Récemment, Muoria et al. (2007) a enregistré une épidémie de charbon dans la région de Wamba du sud de Samburu, au Kenya, au cours de laquelle plus de 50 animaux ont succombé à la maladie.

À voir sur CITES Equus grevyi (Zebra de Grévy). Grévy est légalement protégé en Éthiopie, bien que la protection officielle ait été limitée. conservation à base communautaire a été plus efficace. Au Kenya, ils ont été protégés par une interdiction de la chasse depuis 1977. Alors que dans la conservation de la faune et de Loi sur la gestion No 376 de 1976 (Partie II de la première annexe), le Equus grevyi (Zebra de Grévy) a été répertorié comme un «Animal Game» (Williams, 2002); ils sont actuellement une confirmation du ‘Animal protégé «légalement au Kenya.

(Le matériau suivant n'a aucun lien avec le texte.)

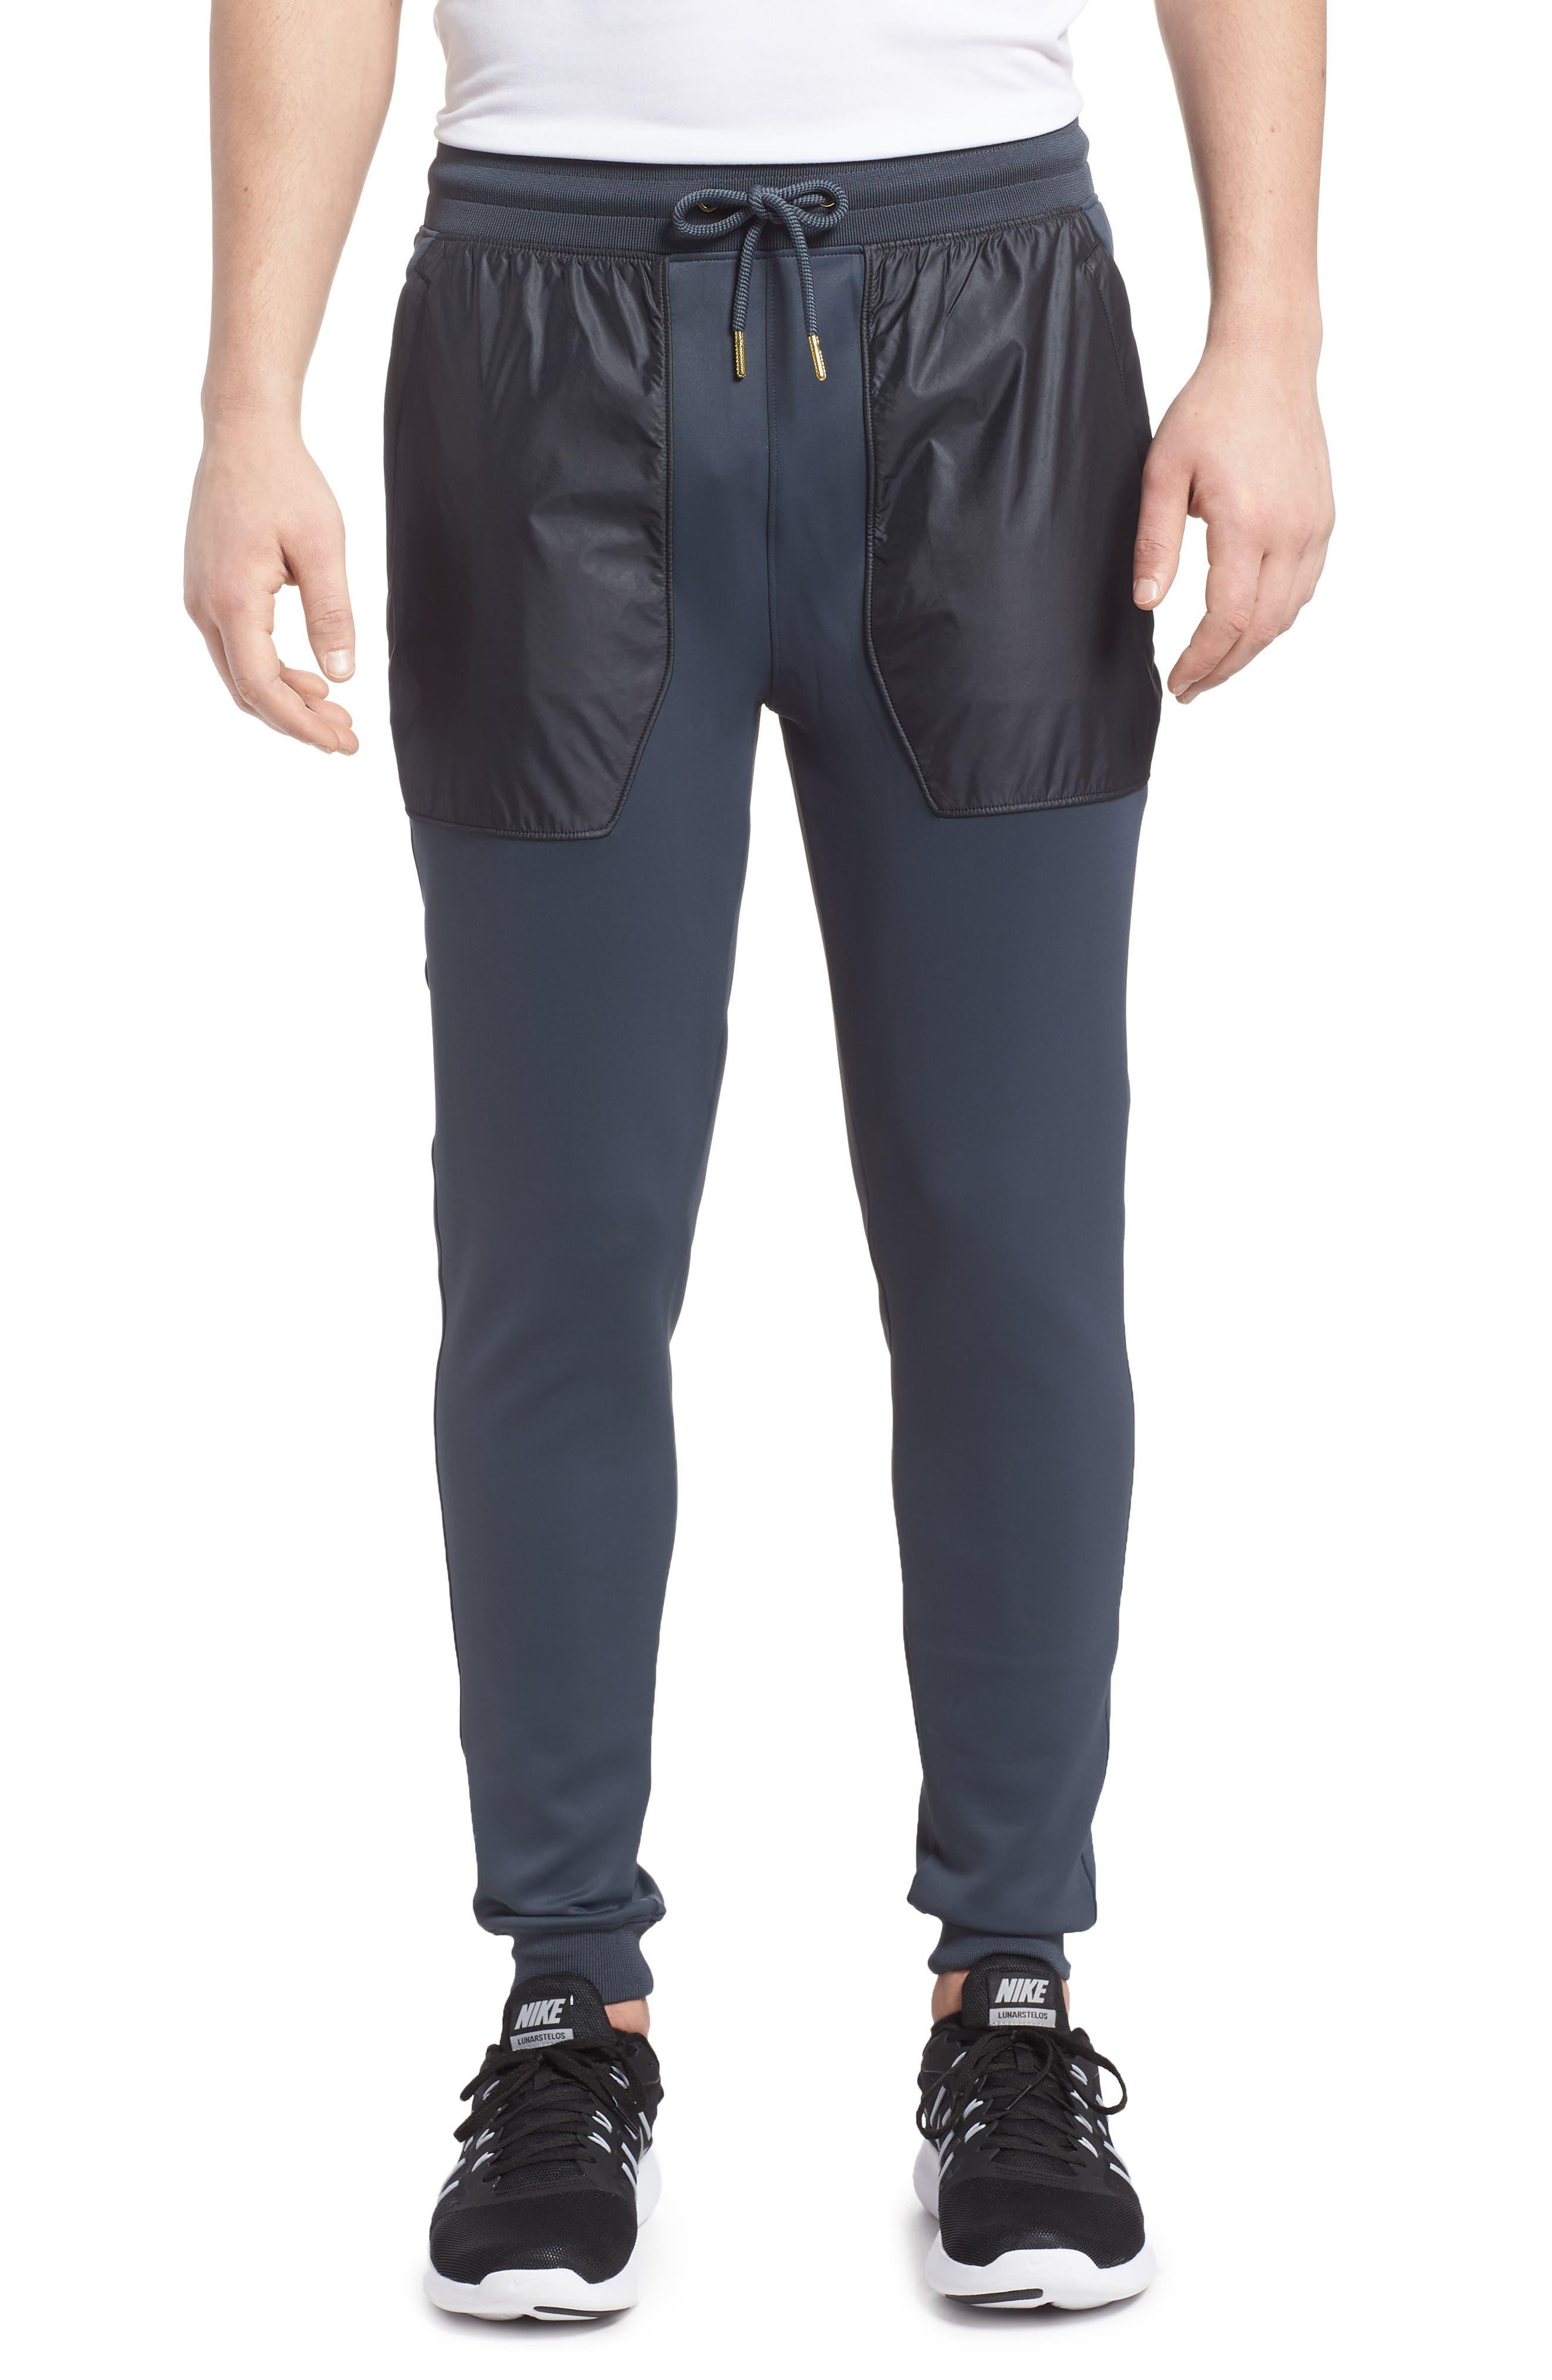 Utility Jogger Pants,                             Main thumbnail 1, color,                             Stealth Gray/ Black

À l’heure actuelle, les zones protégées représentent moins de 0,5% de la gamme de Equus grevyi (Zebra de Grévy). En Ethiopie, les aires protégées sont nominales (Réserve Aldeghi faune, Yabello Sanctuary, Borana zone contrôlée Chasse et Chalbi Sanctuary). Au Kenya, le Buffalo Springs, Samburu, Shaba N.R. conservancies complexes et la faune des terres privées et communautaires à Isiolo, Samburu et Laikipia Plateau offrent une protection de base et cruciale de la population sud du Kenya de Equus grevyi (Zebra de Grévy) (Williams 2002). Sur le plateau de Laikipia, la protection et la concurrence réduite avec le bétail, ont vu les chiffres du Equus grevyi (Zebra de Grévy) hausse depuis ils ont élargi la première dans ce domaine dans les années 1970 (Williams, 2002 2013).

Le Kenya a récemment pris des mesures pour élaborer une stratégie nationale de conservation pour les Equus grevyi (Zebra de Grévy). L’Ethiopie a organisé deux ateliers sur le statut et la conservation de Equus grevyi (Zebra de Grévy). Recherche et conservation communautaire est en cours dans les trois domaines connus de la population.

Williams (2002) met en évidence plusieurs autres mesures de conservation axées sur les populations sauvages, impliquant: 1. Protection de l’approvisionnement en eau; 2. Gestion des aires protégées; 3. conservation communautaire; et 4. Suivi des nombres dans la nature.